For men, oral, lung, and prostate cancers dominate. Tobacco drives 40 per cent of preventable cancers, mainly oral and lung.

So what is going on in India? Is it an earlier diagnosis for women? Are men’s cancers more aggressive, or is it that habits such as smoking and chewing tobacco drag down their outcomes? Or does the answer lie in differences in access, awareness and treatment between genders?

Awareness campaigns and improved facilities mean cancers common among women are often detected earlier.

With their long latency periods – time between exposure to a cancer-causing factor and the appearance of detectable cancer – treatment outcomes are relatively good.
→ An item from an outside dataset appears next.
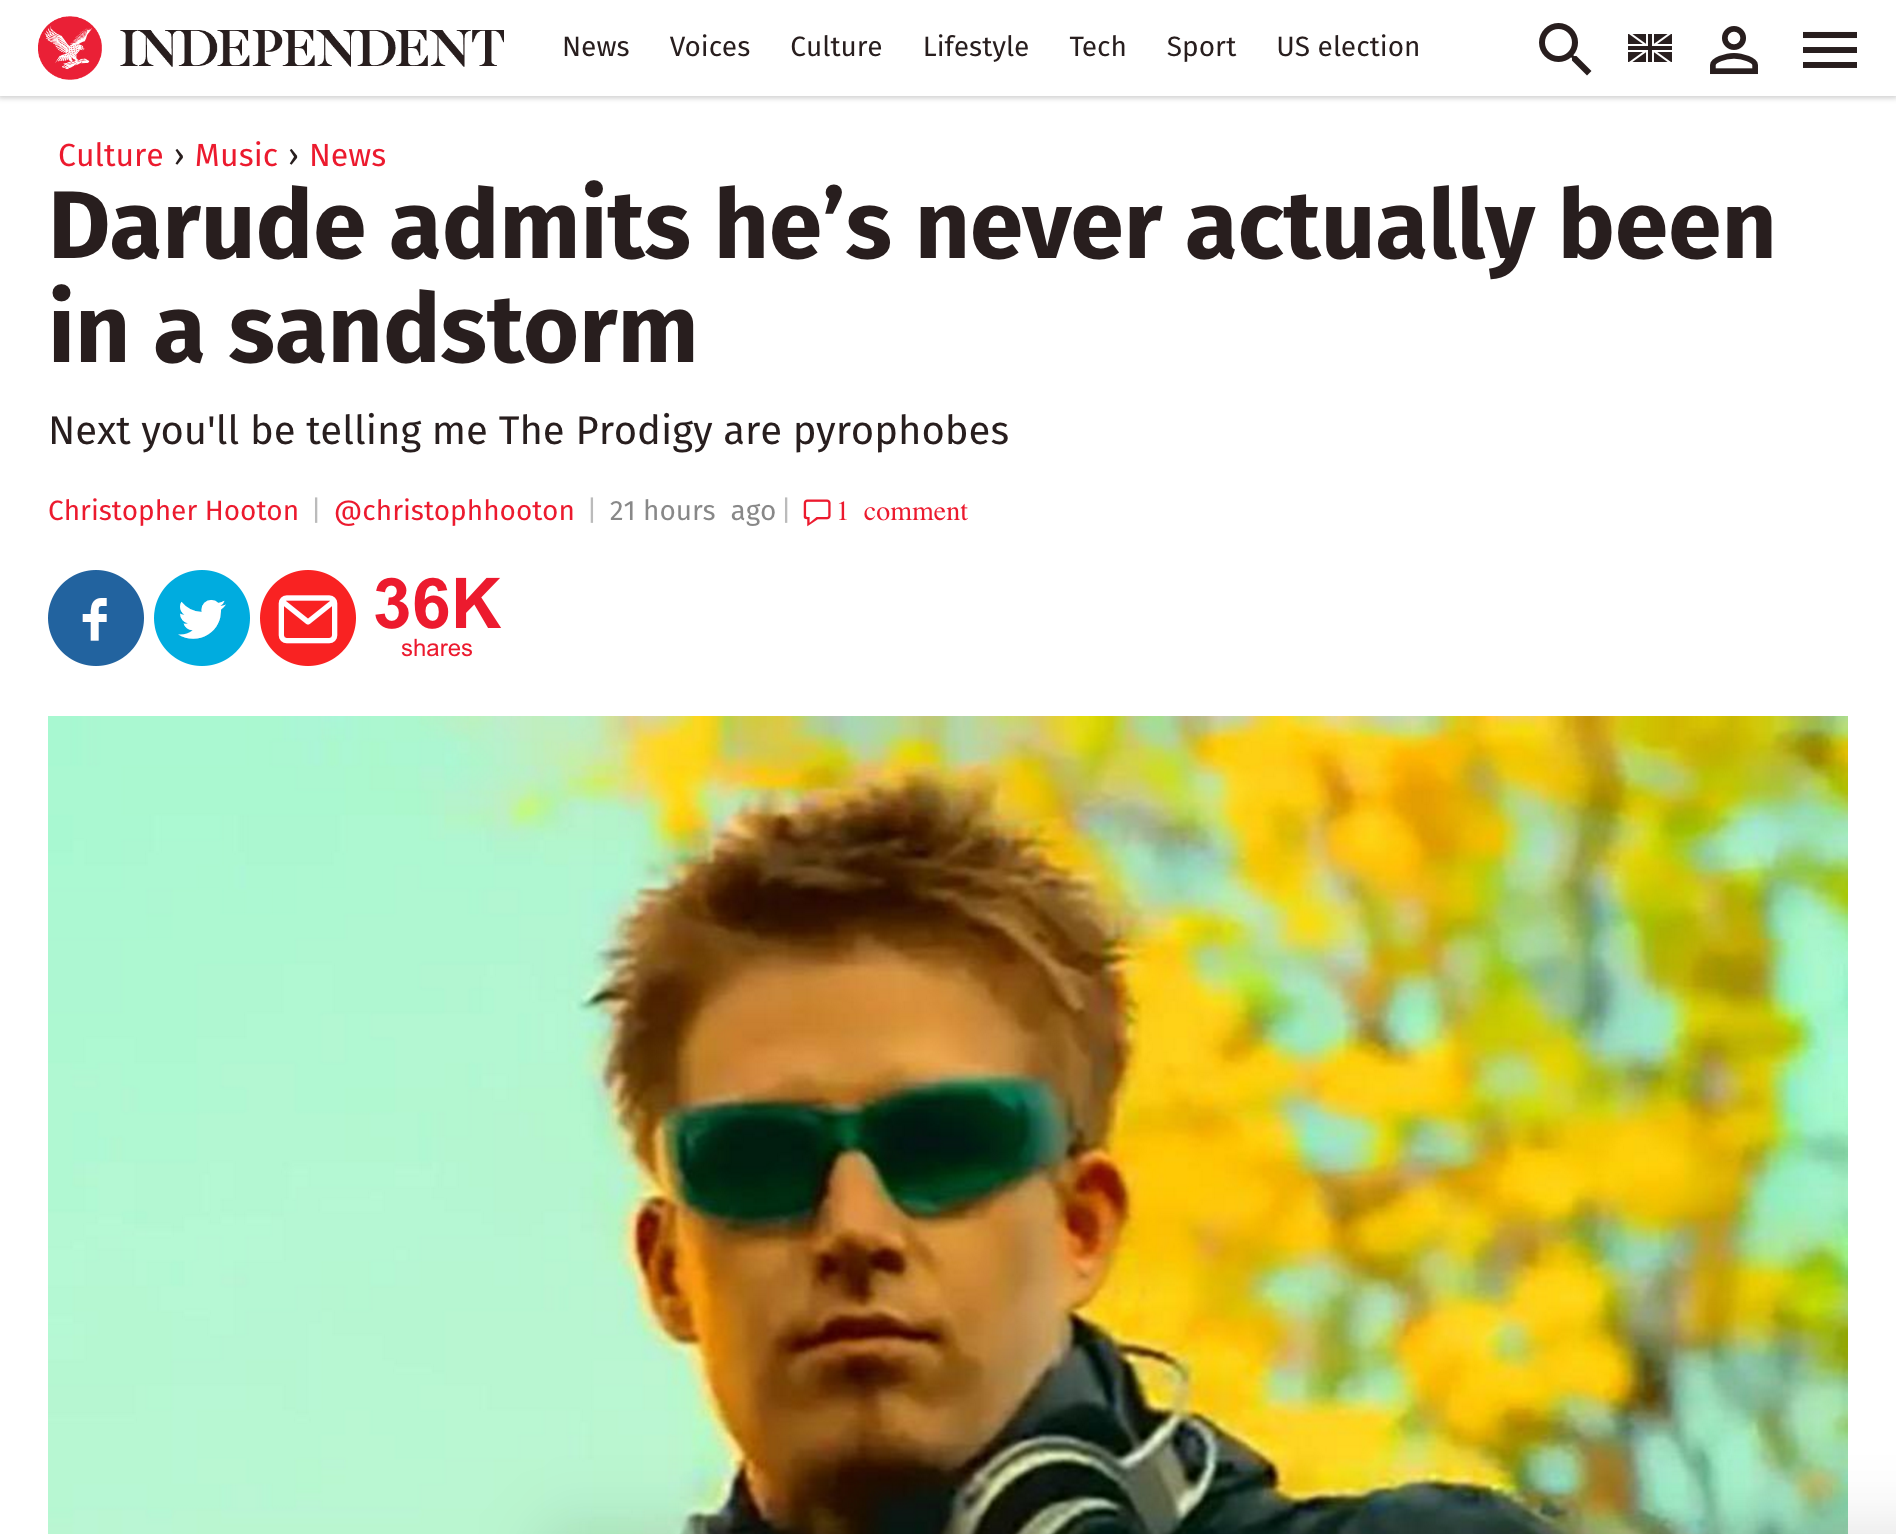 memes - sandstorm darude - Independent News Voices Culture Lifestyle Tech Sport Us election Culture > Music > News Darude admits he's never actually been in a sandstorm Next you'll be telling me The Prodigy are pyrophobes Christopher Hooton christophhooto

Mortality rates among women are therefore lower.

Men fare worse. Their cancers are more often tied to lifestyle – tobacco and alcohol drive lung and oral cancers, both aggressive and less responsive to treatment.

Men are also less likely to go for preventive check-ups or seek medical help early. The result: higher mortality and poorer outcomes, even when incidence is lower than among women.

“Women’s health has become a bigger focus in public health campaigns, and that’s a double-edged sword. Greater awareness and screening mean more cancers are detected early. For men, the conversation rarely goes beyond tobacco and oral cancer,” Ravi Mehrotra, a cancer specialist and head of the non-profit Centre for Health Innovation and Policy (CHIP) Foundation, told me.